Holguin was charged in a two-count indictment with one count of conspiracy to possess with intent to distribute and to distribute 500 grams or more of a mixture or substance containing a detectable amount of cocaine (Count One) and one count of possessing with intent to distribute 500 grams or more of a mixture or substance containing a detectable amount of cocaine (Count Two). On June 16, 2004, Holguin pleaded guilty to Count Two pursuant to a plea agreement with the government. On September 8, 2004, the District Court sentenced Holguin to a term of imprisonment of sixty (60) months, to be followed by a four-year term of supervised release, and a special assessment of $100. Holguin is currently serving his sentence.

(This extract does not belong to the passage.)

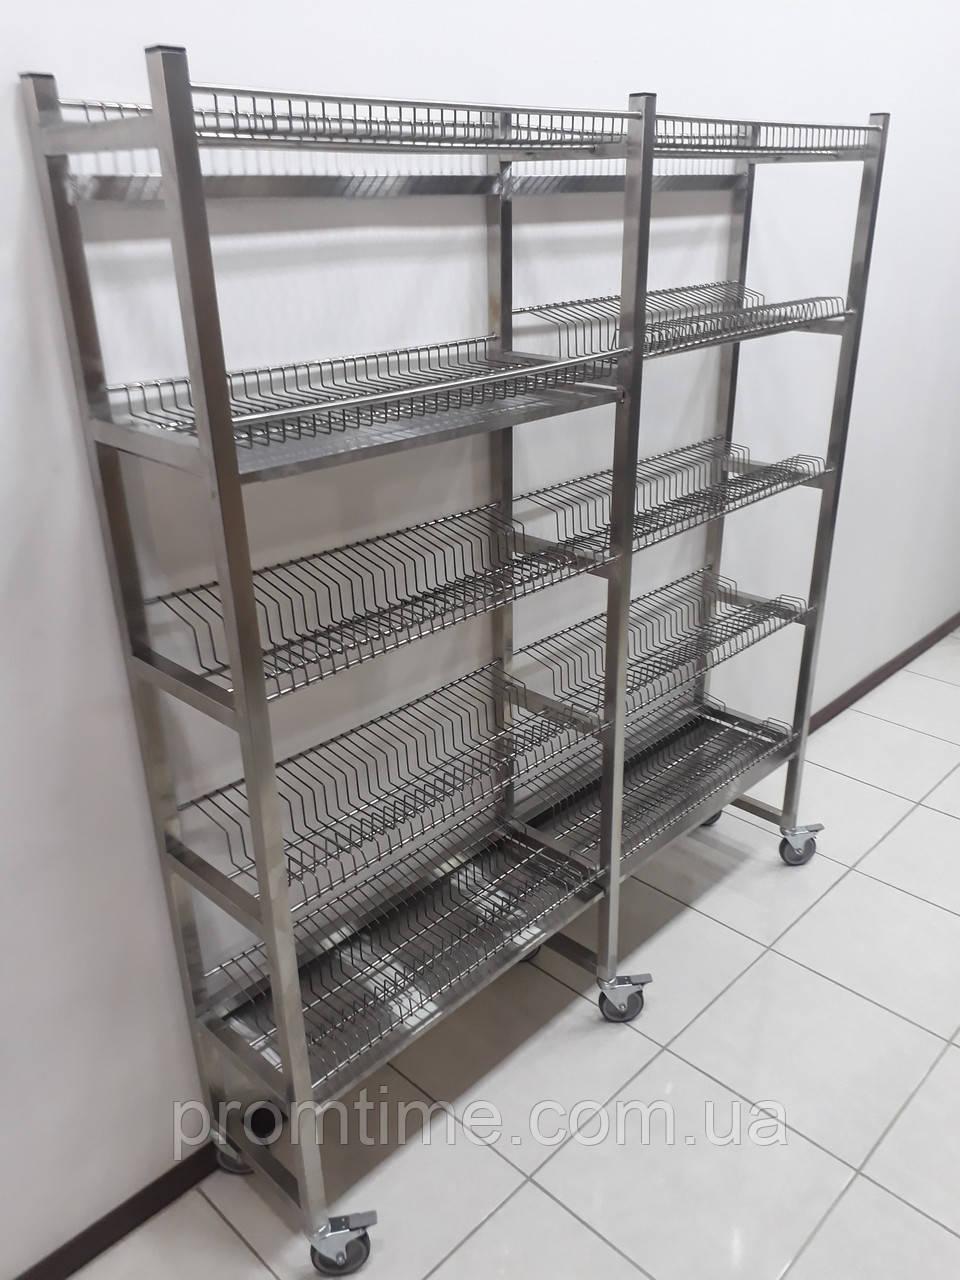 Стеллаж для сушки посуды на колесах 1600х320х1800

Holguin filed a timely notice of appeal on September 13, 2004. On January 13, 2005, Holguin filed his appellate brief, arguing that the District Court violated his Sixth Amendment right to a jury trial when it found, by a preponderance of the evidence, that Holguin’s role was that of a supervisor of jointly undertaken criminal activity and therefore that Holguin was ineligible for safety valve relief under 18 U.S.C. § 3553(f). On February 15, 2005, after the Supreme Court decided United States v. Booker, 543 U.S. 220, 125 S.Ct. 738, 160 L.Ed.2d 621 (2005), the government moved for summary affirmance on the basis that Holguin had received the mandatory minimum sentence of five years established by 21 U.S.C. § 841(b)(1)(B). On April 7, 2005, we denied the government’s motion, holding that full briefing was warranted on the “continued viability of 18 U.S.C. § 3553(f), which mandates use of the United States Sentencing Guidelines, in light of the Supreme Court’s decision in [Booker ].” We then ordered supplemental briefing.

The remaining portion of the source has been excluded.